According to the report, the move to T+1 — which took place in the U.S., Canada, and a handful of other markets in May of this year — has reduced the usage of the NSCC Clearing Fund by about 20% on average, resulted in 95% of trades being affirmed on the trade date, up from 73% in January, and the trade failure rates have remained consistent with the T+2 settlement environment.

“Ultimately, T+1 has provided the appropriate balance between increasing efficiencies and mitigating risk for the industry,” the group said. “Firms now can make better use of their capital and resources while promoting financial stability.”

Despite the industry’s satisfaction with the move to T+1, the groups stressed this doesn’t imply that the industry should move to T+0 anytime soon.

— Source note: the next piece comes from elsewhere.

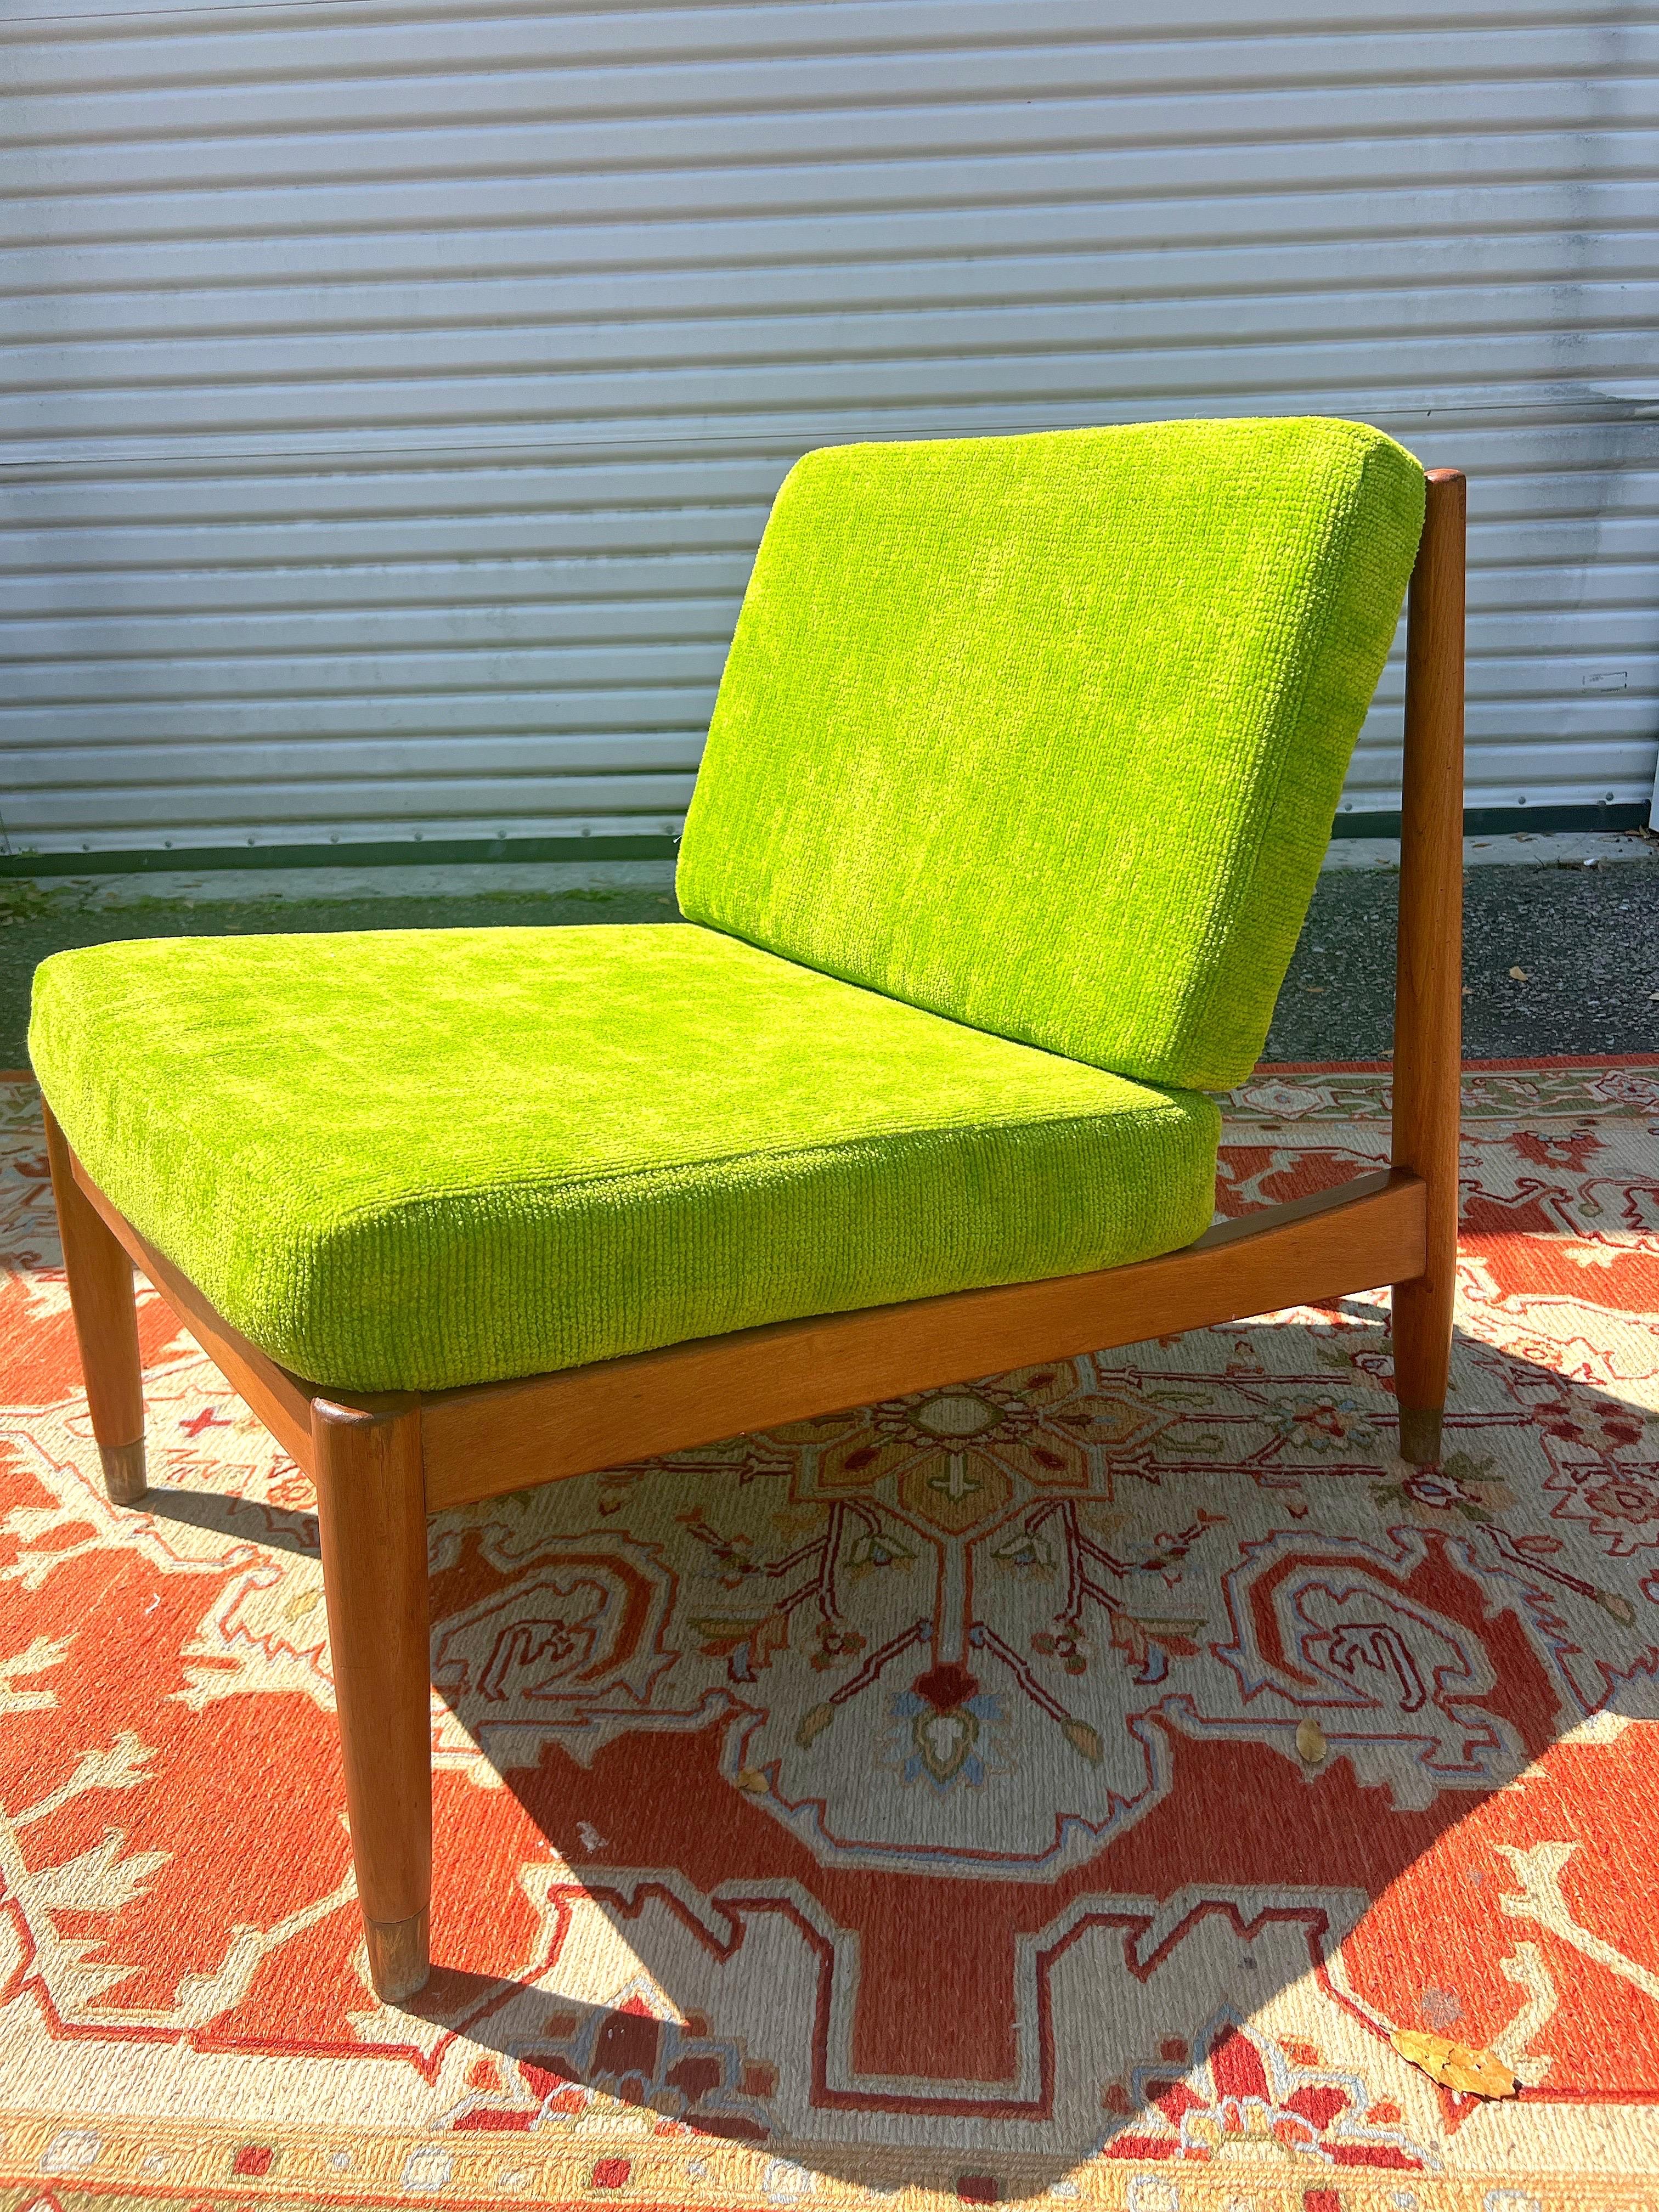 Pantoffelsessel von Folke Ohlsson, hergestellt für dux in Schweden, ca. 1950er Jahre. Dieser dänische moderne Loungesessel
 Wird aus hochwertigem Nussbaumholz hergestellt. Der Stuhl hat einen Rahmen aus Walnussholz mit fünf vertikalen Latten in der

Further reducing the settlement cycle “would require a comprehensive independent review,” the report said.
“The industry consensus is that accelerating to T+0 is premature. It would require costly and extensive changes to market operations, potentially increasing risks for both institutional and retail customers. Any action towards T+0 should be preceded by an extensive cost-benefit and risk analysis to validate the perceived benefits outweigh the risks and costs,” the groups said.

While past efforts to reduce the securities settlement cycle have meant speeding up existing processes, adopting T+0 would likely require a “fundamental reinvention of a range of products and processes across the trade lifecycle,” the report said, which could prove disruptive to critical market functions.

Additionally, a move to T+0 could intensify operational challenges stemming from the use of different settlement cycles in major markets — with the U.K., Europe and certain Asian markets still operating in T+2.

“Key infrastructure like foreign currency exchange … could become increasingly disconnected from what is necessary to facilitate effective same-day settlement in the U.S.,” the report said.

Instead of starting work on a possible move to T+0, the industry and policymakers should focus on harmonizing at T+1 settlement with the rest of the world, the groups suggested.